Print the entire listing below word for word, excluding its pictures.

_INFORMATION SUPPLIED_
===
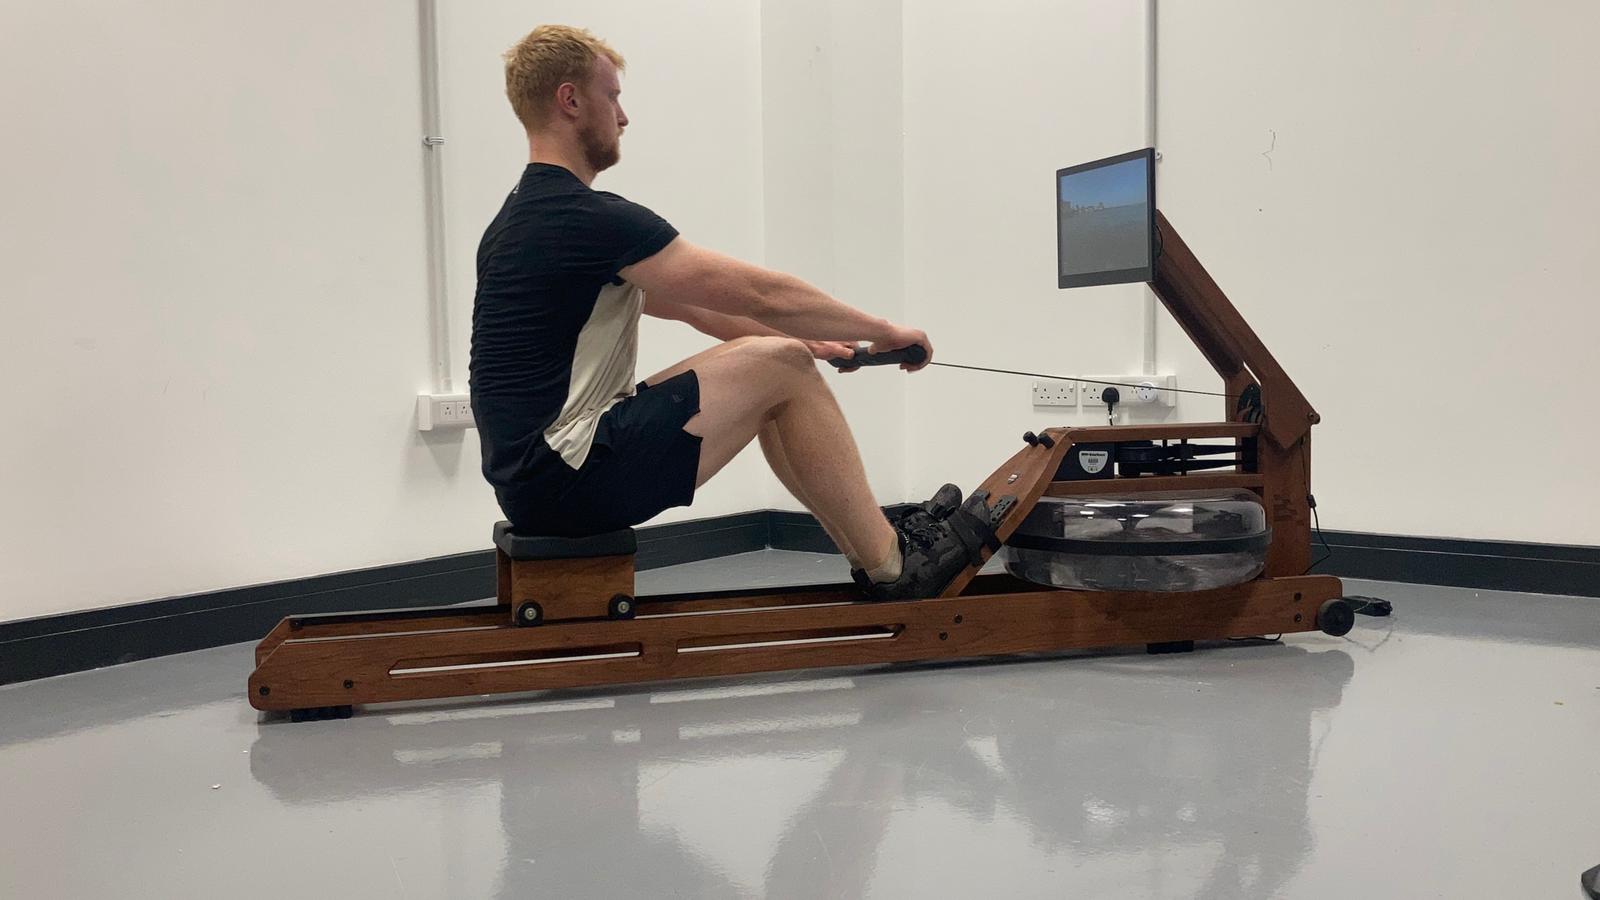 Ergatta Rower being tested by Live Science writer
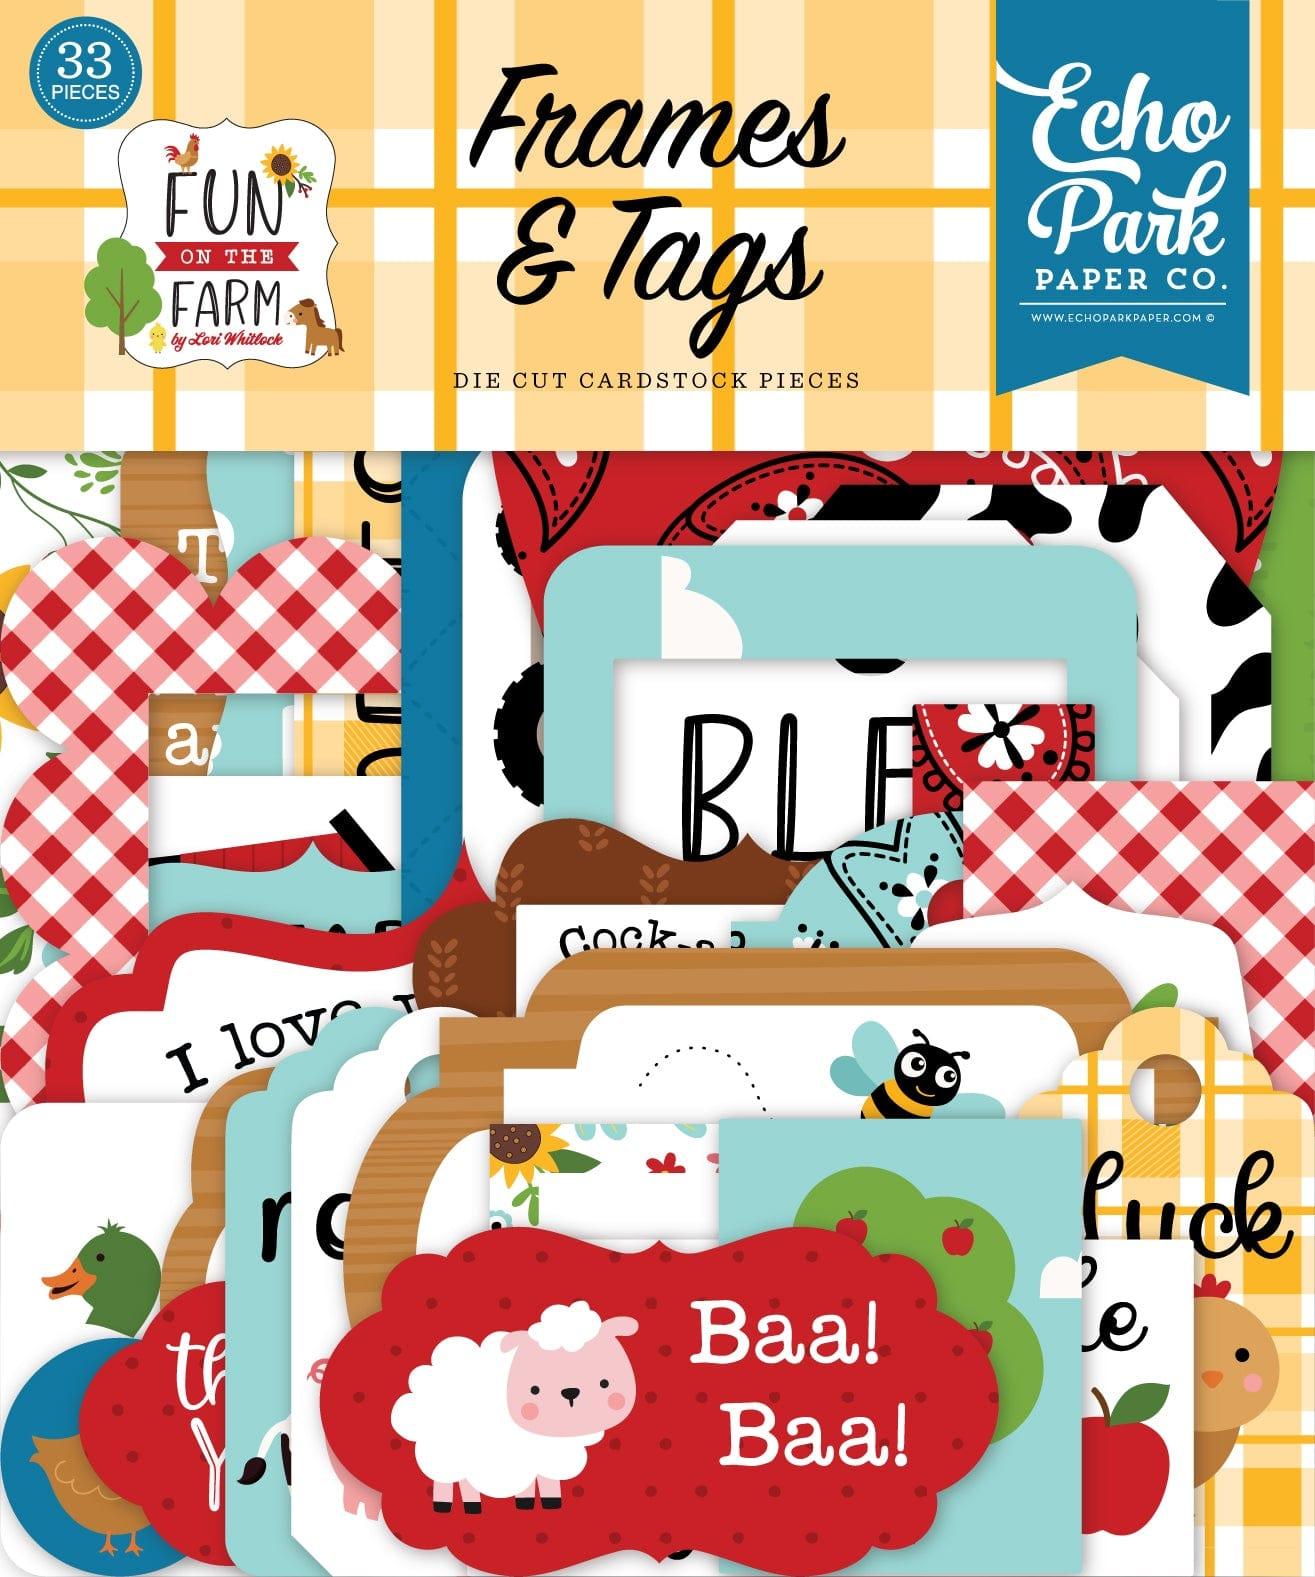 Fun On The Farm Collection 5 x 5 Scrapbook Tags & Frames Die Cuts by Echo Park Paper - Scrapbook Supply Companies
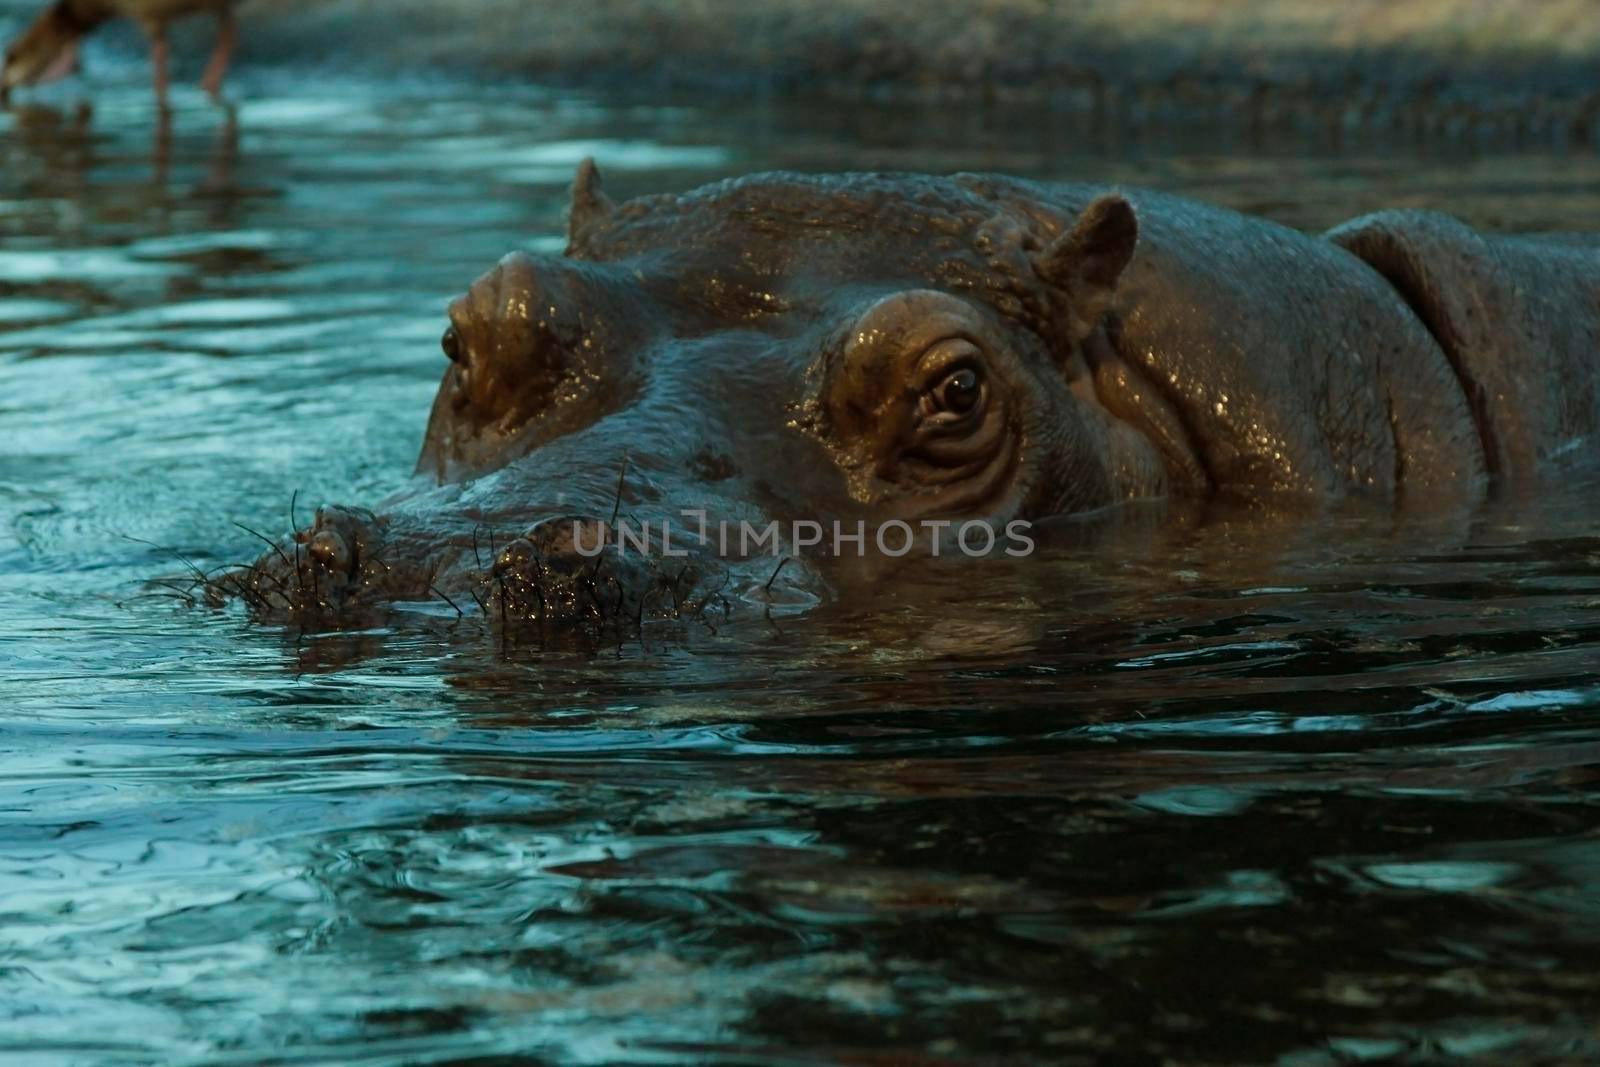 Moustached hippopotamus by Lirch
===
_SOLUTION_
 Ergatta Rower being tested by Live Science writer
 Fun On The Farm Collection 5 x 5 Scrapbook Tags & Frames Die Cuts by Echo Park Paper - Scrapbook Supply Companies
 Moustached hippopotamus by Lirch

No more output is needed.